Feb 16 03:31:59 netboot systemd[1]: srv-tftpboot-mnt-openqa.mount: Mounting timed out. Terminating.
Feb 16 03:31:59 netboot systemd[1]: srv-tftpboot-mnt-openqa.mount: Mount process exited, code=killed, status=15/TERM
Feb 16 03:31:59 netboot systemd[1]: srv-tftpboot-mnt-openqa.mount: Failed with result 'timeout'.
Feb 16 03:31:59 netboot systemd[1]: srv-tftpboot-mnt-openqa.mount: Unit process 1420 (mount.nfs4) remains running after unit stopped.
Feb 16 03:31:59 netboot systemd[1]: Failed to mount /srv/tftpboot/mnt/openqa.

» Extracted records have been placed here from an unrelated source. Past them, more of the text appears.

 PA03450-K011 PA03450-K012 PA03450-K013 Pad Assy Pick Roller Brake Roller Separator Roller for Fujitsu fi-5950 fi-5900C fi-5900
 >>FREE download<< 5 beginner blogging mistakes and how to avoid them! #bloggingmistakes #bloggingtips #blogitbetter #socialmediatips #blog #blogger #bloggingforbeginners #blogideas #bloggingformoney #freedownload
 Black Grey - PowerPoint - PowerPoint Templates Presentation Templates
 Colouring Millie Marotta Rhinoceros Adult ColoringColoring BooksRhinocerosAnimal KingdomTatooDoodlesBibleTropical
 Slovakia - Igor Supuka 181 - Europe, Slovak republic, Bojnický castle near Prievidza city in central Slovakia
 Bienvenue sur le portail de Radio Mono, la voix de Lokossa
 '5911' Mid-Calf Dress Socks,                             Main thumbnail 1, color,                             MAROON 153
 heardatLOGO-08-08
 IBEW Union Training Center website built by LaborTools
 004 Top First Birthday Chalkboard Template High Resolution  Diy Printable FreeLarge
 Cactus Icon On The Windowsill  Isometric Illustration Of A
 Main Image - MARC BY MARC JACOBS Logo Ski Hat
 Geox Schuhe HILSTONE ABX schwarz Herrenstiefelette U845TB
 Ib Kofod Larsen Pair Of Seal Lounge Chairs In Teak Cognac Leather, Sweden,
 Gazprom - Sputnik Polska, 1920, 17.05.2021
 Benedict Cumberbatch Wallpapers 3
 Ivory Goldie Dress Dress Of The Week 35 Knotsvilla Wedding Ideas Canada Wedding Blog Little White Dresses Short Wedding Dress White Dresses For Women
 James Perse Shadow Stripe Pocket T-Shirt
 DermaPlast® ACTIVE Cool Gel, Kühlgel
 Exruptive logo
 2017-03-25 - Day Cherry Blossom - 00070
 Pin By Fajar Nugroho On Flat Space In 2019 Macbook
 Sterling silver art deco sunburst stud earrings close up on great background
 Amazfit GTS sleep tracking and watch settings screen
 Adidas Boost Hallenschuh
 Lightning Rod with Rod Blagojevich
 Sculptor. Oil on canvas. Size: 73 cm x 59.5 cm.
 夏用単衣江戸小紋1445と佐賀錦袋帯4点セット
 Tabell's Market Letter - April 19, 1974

Updated by nicksinger 1 day ago
- Status changed from In Progress to Feedback
- Priority changed from High to Normal
https://gitlab.suse.de/openqa/salt-states-openqa/-/merge_requests/1376
also I don't see bigger problems with this machine and no related alerts in the past days. I think we can handle this with normal prio.